- **Exercise aim**
Extract each line of the material that follows exactly and omit its pictures.

- **Information supplied**
---*---

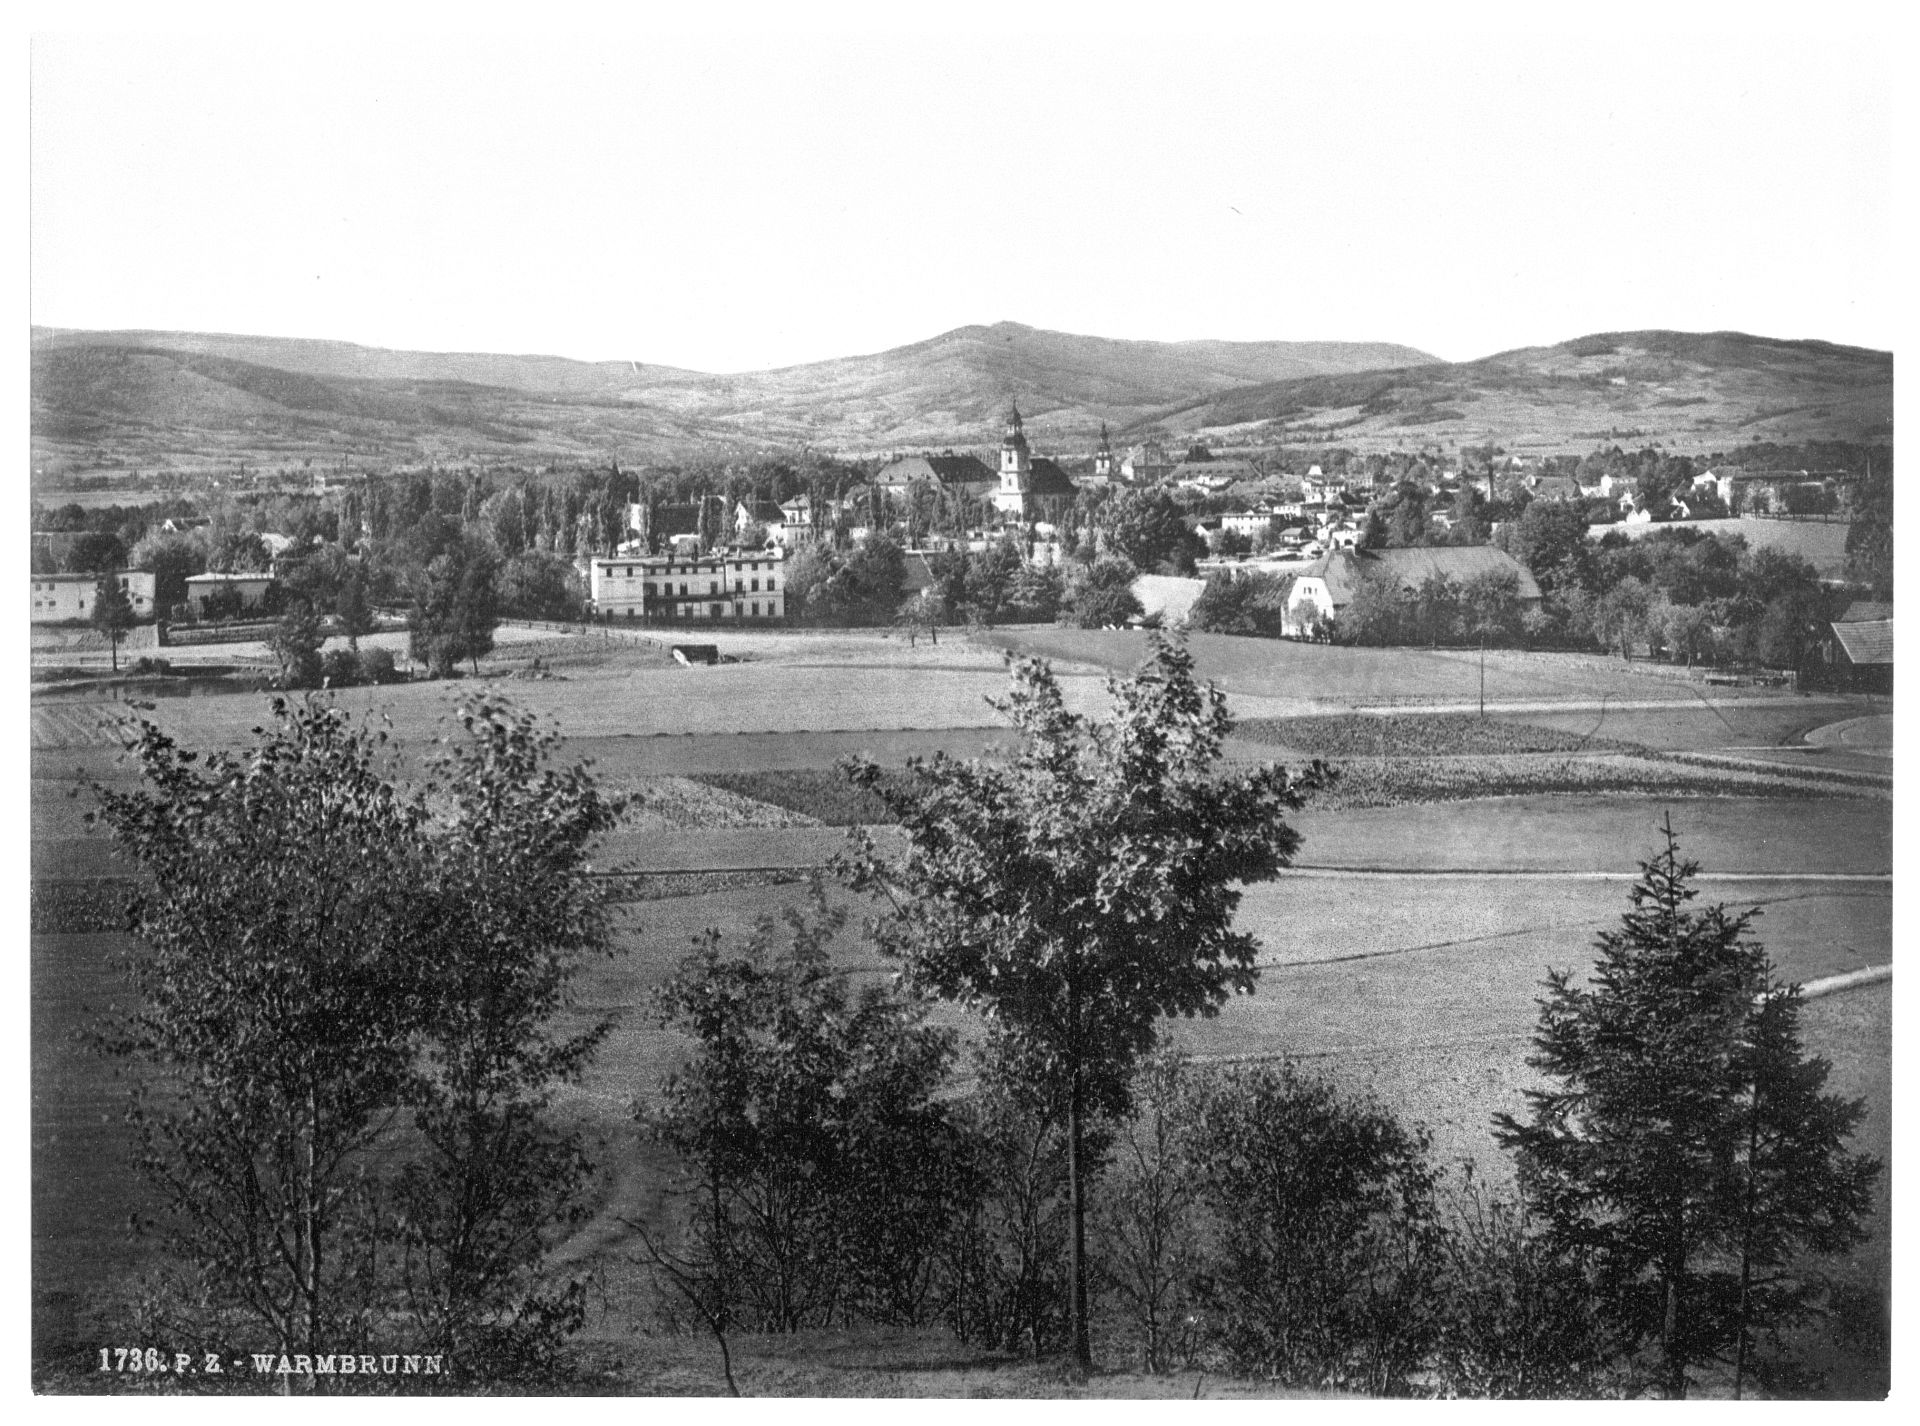 General view, Warmbrunn, Riesengebirge, Germany (i.e., Cieplice Śląskie-Zdrój, Poland)
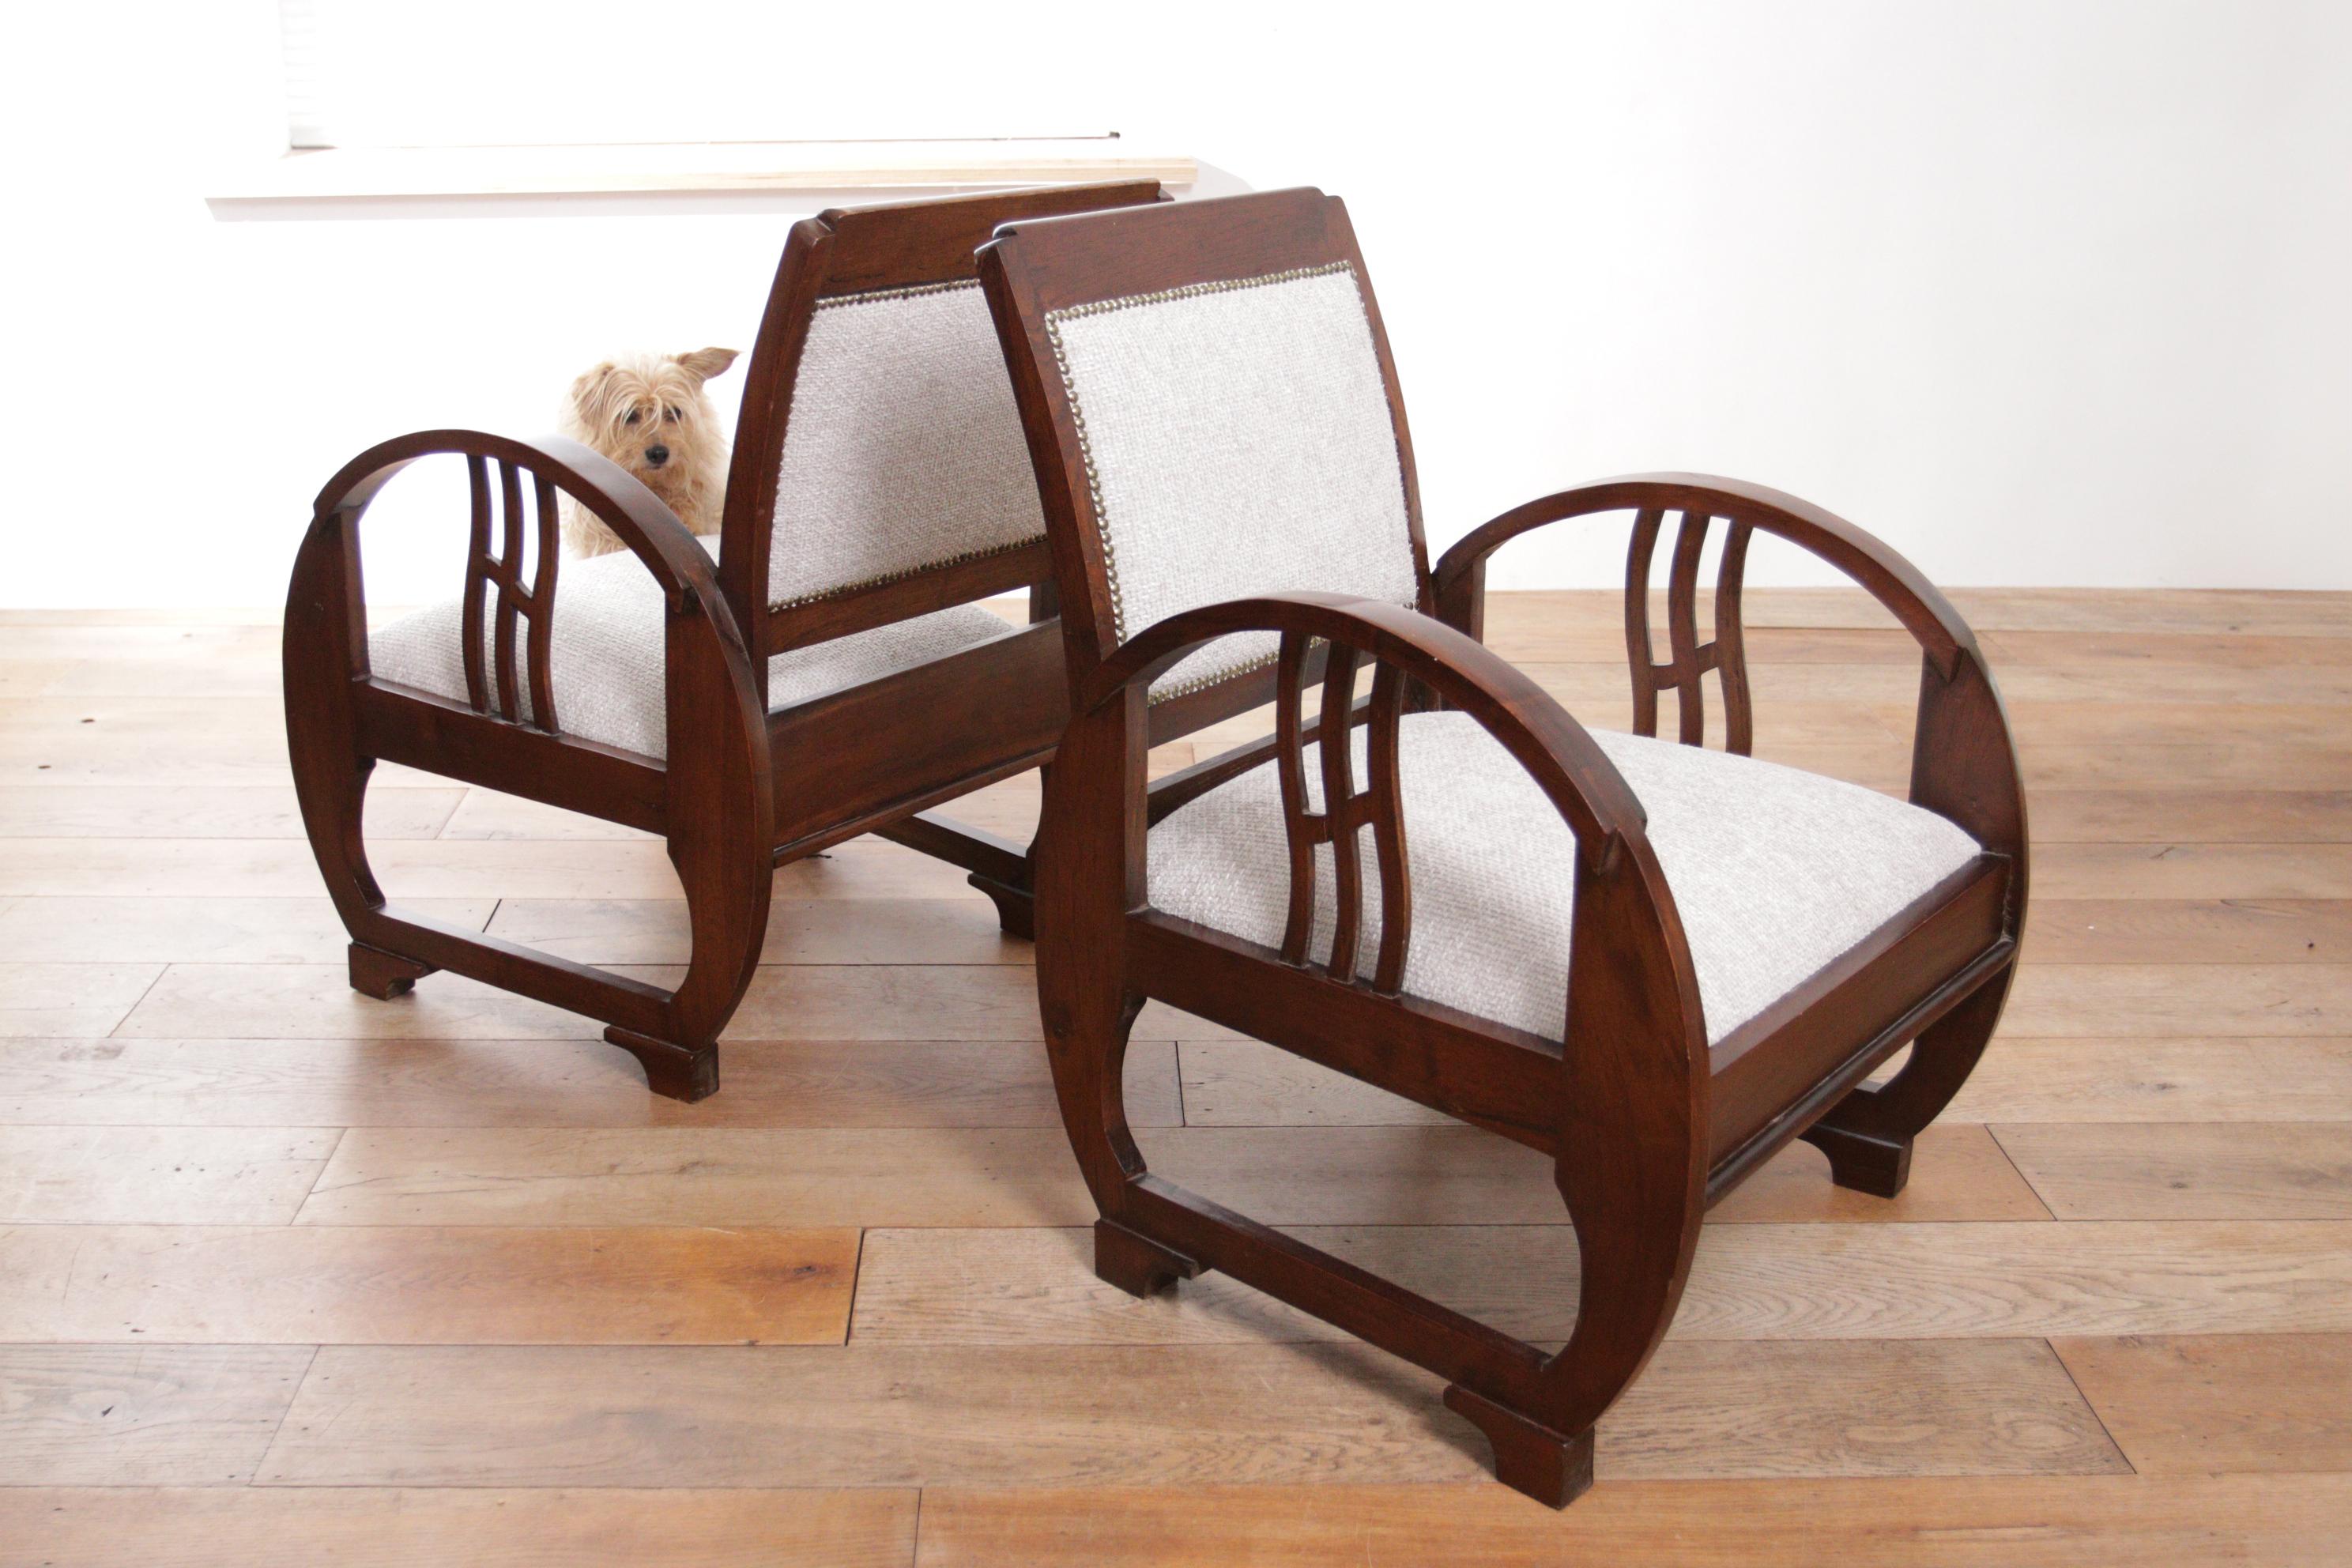 Seltene Exklusive elegante Art-Déco-Sessel aus französischem Holz, Vintage, 1930er Jahre (Stoff)
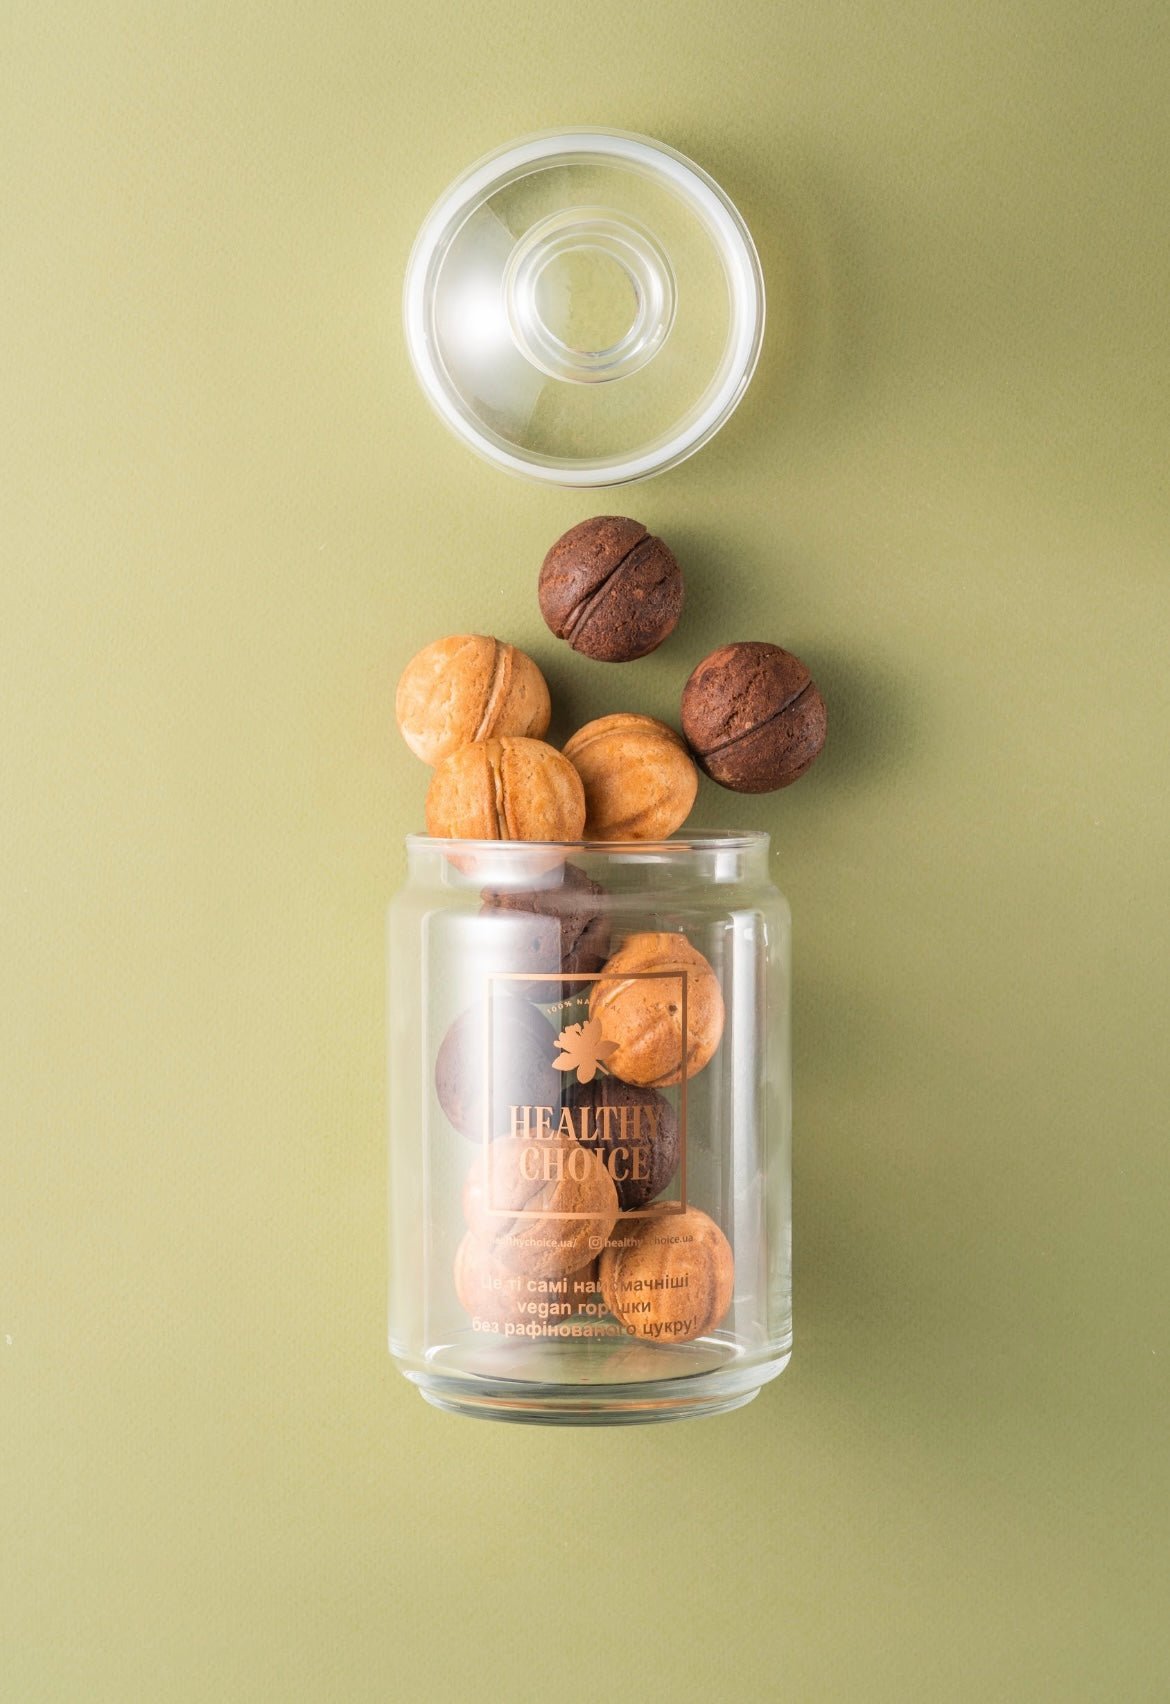 Stuffed Nuts with hazelnuts - Beauty Matters

---*---

- **Solution for this task**
 General view, Warmbrunn, Riesengebirge, Germany (i.e., Cieplice Śląskie-Zdrój, Poland)
 Seltene Exklusive elegante Art-Déco-Sessel aus französischem Holz, Vintage, 1930er Jahre (Stoff)
 Stuffed Nuts with hazelnuts - Beauty Matters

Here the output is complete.